A digital signature is some data attached to a data unit, or an encrypted conversion of the data unit. This data or transformation allows the receiver of the data unit to confirm the source and integrity of the data unit and protect the data from forgery.
This is a method of signing an electronic message, and the signed message can be transmitted in a communication network. Digital signature can be obtained based on both public key cryptosystem and private key cryptosystem, mainly digital signature based on public key cryptosystem. Include general digital signature and special digital signature.
Extended data:
Realization method
Digital signature algorithm is realized by public key encryption technology. In public key encryption technology, each user has a pair of keys: a public key and a private key. The public key can be released freely, but the private key is confidential; Another requirement is that the private key cannot be deduced from the public key.
Common digital signature algorithms include three kinds of algorithms:
1. password generation algorithm;
2. Marking algorithm;
3. Verify the algorithm.
References:
Baidu Encyclopedia-Digital Signature
Briefly describe the principle of digital signature.
A digital signature is just some data attached to a data unit, or an encrypted conversion of a data unit. This data or transformation allows the receiver of the data unit to confirm the source and integrity of the data unit and protect the data from forgery.
This is a method of signing an electronic message, and the signed message can be transmitted in a communication network. Digital signature can be obtained based on both public key cryptosystem and private key cryptosystem, mainly digital signature based on public key cryptosystem. Include general digital signature and special digital signature.
Extended data:
Digital signature has two functions: first, it can be sure that the message is indeed signed by the sender, because others can't forge the sender's signature. Secondly, the digital signature can determine the integrity of the message.
Because the characteristic of digital signature is that it represents the characteristics of the file, if the file changes, the value of the digital abstract will also change. Different files will get different digital summaries. Digital signature involves hash function, sender's public key and sender's private key. "
Digital signature technology encrypts abstract information with the sender's private key and sends it to the receiver together with the original text. The receiver can decrypt the encrypted digest information only by using the sender's public key, and then use the hash function to generate the digest information for the received original text, and compare it with the decrypted digest information.
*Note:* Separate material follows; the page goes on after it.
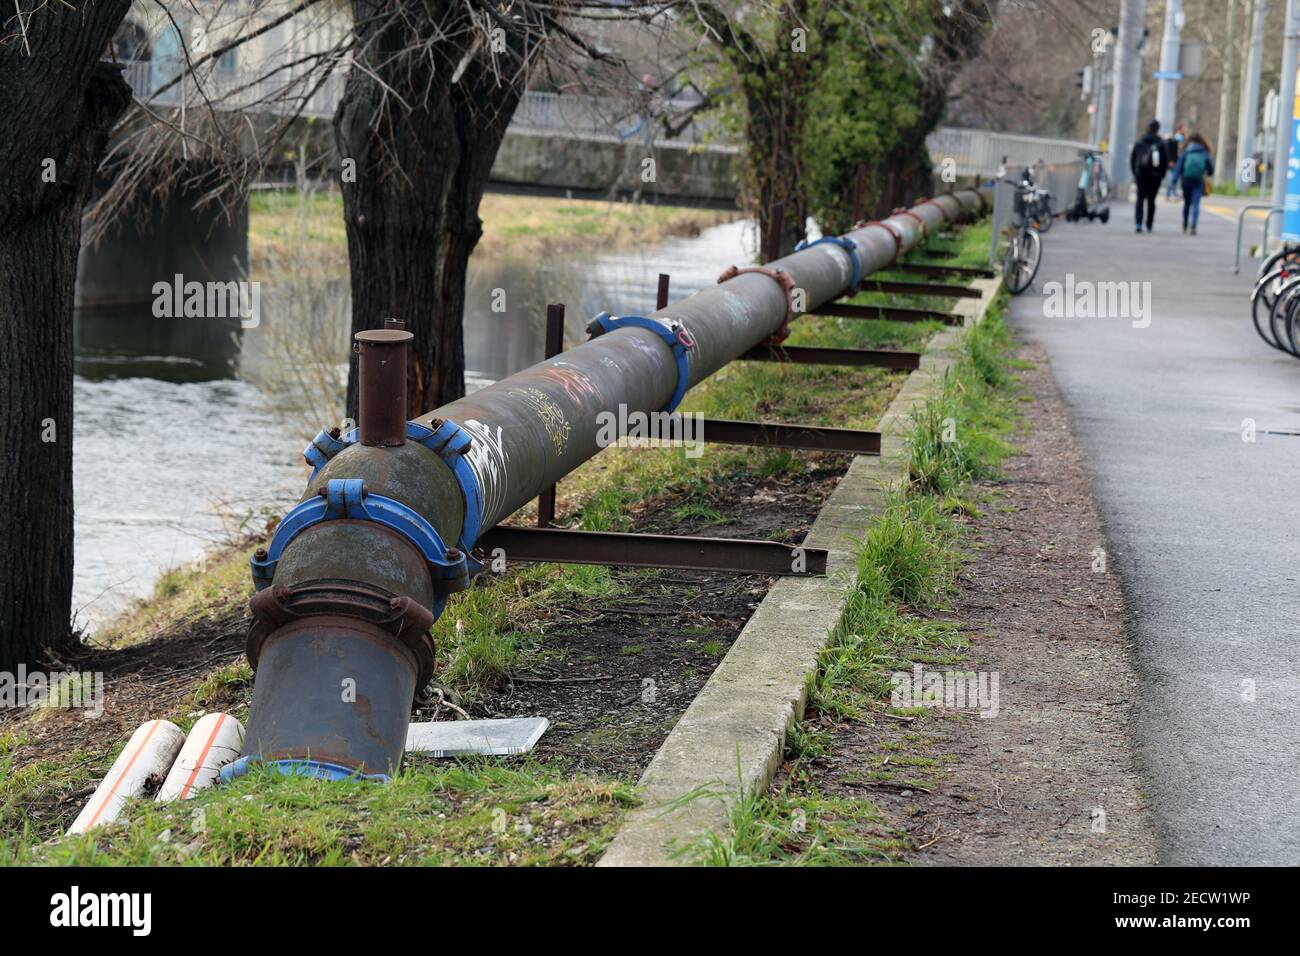 Vecchia pipeline rustica vicino a una passerella nel centro di Zürich, in Svizzera. Fotografato durante una giornata di primavera nuvolosa. Poche persone. Immagine a colori. Foto Stock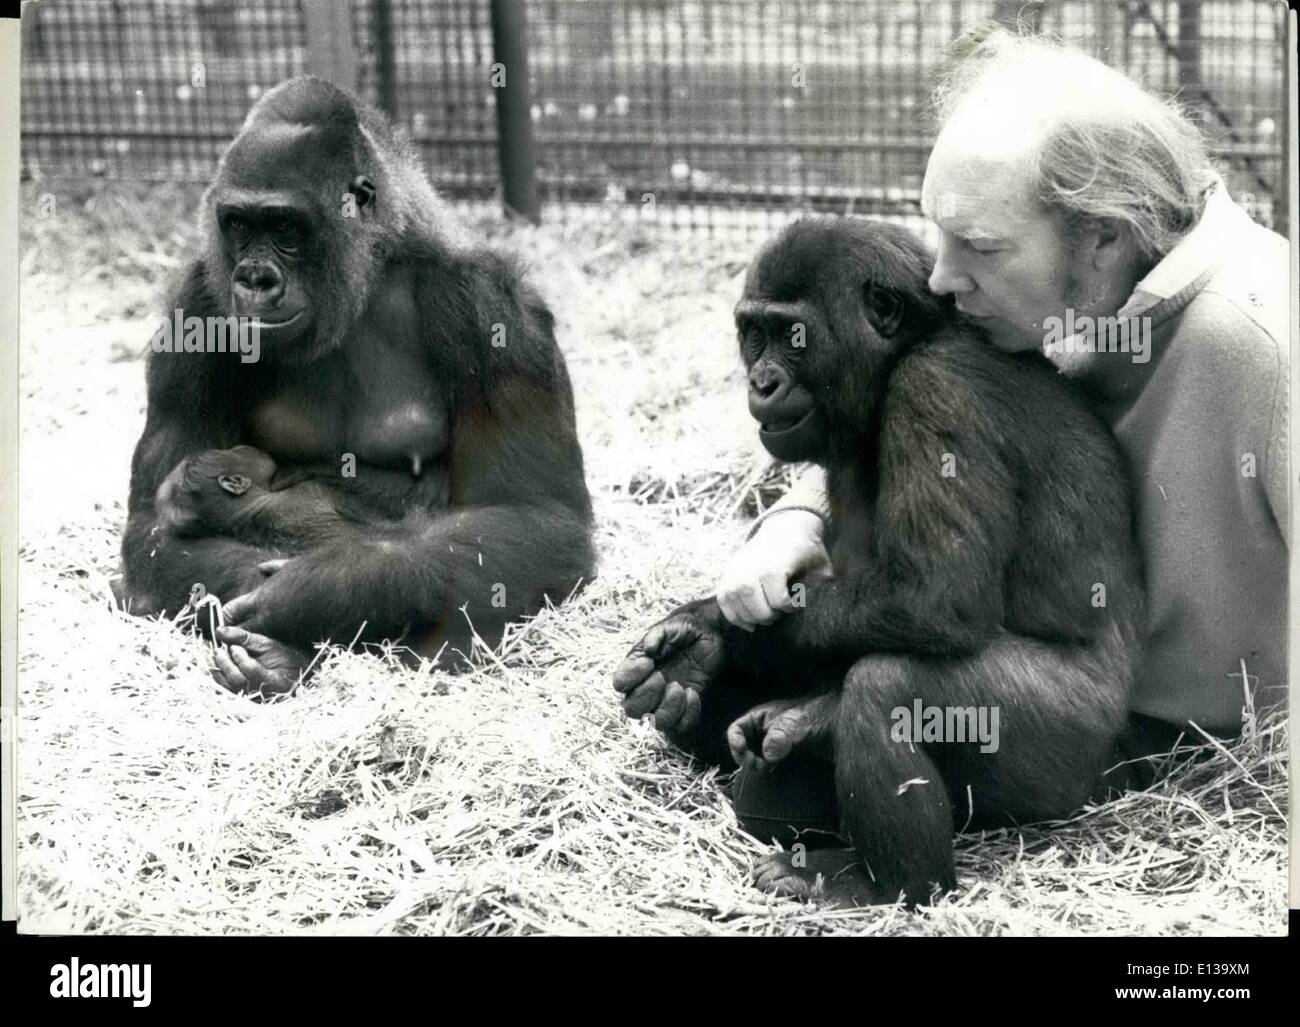 Febrero 29, 2012 - orgullosa mamá, Ju Ju espera a sus visitantes: Whitsum JU Ju el gorila está lleno de alegría, no sólo tiene un hermoso bebé de 7 semanas de edad, de sexo masculino, pero gorila desde Pentecostés suma sobre todo el verano, ella será capaz de mostrar el bebé Kijo al público. El bebé, nacido en cautividad se alimenta por breats HJu Ju, algo casi único en el estator cautivo y es de gran crédito a Zoo Proprietario John Aspinall Foto de stock

If they are the same, it means that the received information is complete and has not been modified during transmission, otherwise it means that the information has been modified, so the digital signature can verify the integrity of the information.
Baidu Encyclopedia-Digital Signature
What is the basic principle of digital signature?
Digital signature is based on the application of asymmetric key encryption technology and digital digest technology. It is a numeric string, which contains electronic file information and the identity of the sender, and can identify the identity of the sender and whether the sent information has been tampered with.
The digital signature string contains the digital digest generated by the hash encoding of the electronic file, that is, the hash function value and the sender's public key and private key.
Digital signature has two functions. One is to ensure that the message is indeed signed and sent by the sender. Secondly, the digital signature can determine whether the content of the data message has been tampered with and ensure the integrity of the message. The basic workflow of digital signature is as follows:
Send encryption
1. When a digitally signed user sends an electronic file, the sender encrypts the electronic data file through a hash function to generate a data digest;
2. The sender of the digital signature encrypts the data digest with his own private key, and the digest encrypted by the private key is the digital signature;
3. The digital signature and the message will be sent to the receiver together.
Receiving decryption
1. The receiver first uses the same hash function as the sender to calculate the message digest from the received original message;
2. The receiver decrypts the digital signature attached to the message with the public key provided by the sender to obtain a digital digest;
3. If the above two summaries are consistent, you can confirm that the document content has not been tampered with.
4. The sender's public key can decrypt the digital signature, which proves that the digital signature was sent by the sender.
The above process can also be reversed, that is, when the file receiver wants to reply, he can first generate a digital digest through the hash function, then encrypt the file with the public key, and the receiver decrypts it with the private key to view the digital digest of the file.
Functional encryption principle
Hash function, also known as encryption hash function, is characterized by the uniqueness of forward output results and the almost insolubility of reverse decryption, so it can be used to encrypt data.
Forward output is easy, and the result is unique: it is very easy to calculate the corresponding hash value from the data forward, and any input can generate an output with a specific hash value. The same data input will get the same result, but a slight change in the input data will get completely different results.
Hash function is inverse insoluble: it is extremely difficult to calculate its corresponding data from hash value, which is considered impossible under the current scientific and technological conditions.
Understand the digital signature, by the way, we mention the concept of digital certificate:
digital certificate
Since the two parties communicating on the Internet may not know each other, they need a third party to introduce them. This is a digital certificate. Digital certificates are issued by certificate authorities.
First of all, AB parties should trust each other's certificates.
Then we can communicate, similar to the digital signature above. The difference is that symmetric encryption is used. This is because in the decryption process, asymmetric encryption consumes much more time than symmetric encryption. If the ciphertext is long, the efficiency is low. However, the key is generally not particularly long, and the encryption and decryption of symmetric encryption keys can improve efficiency.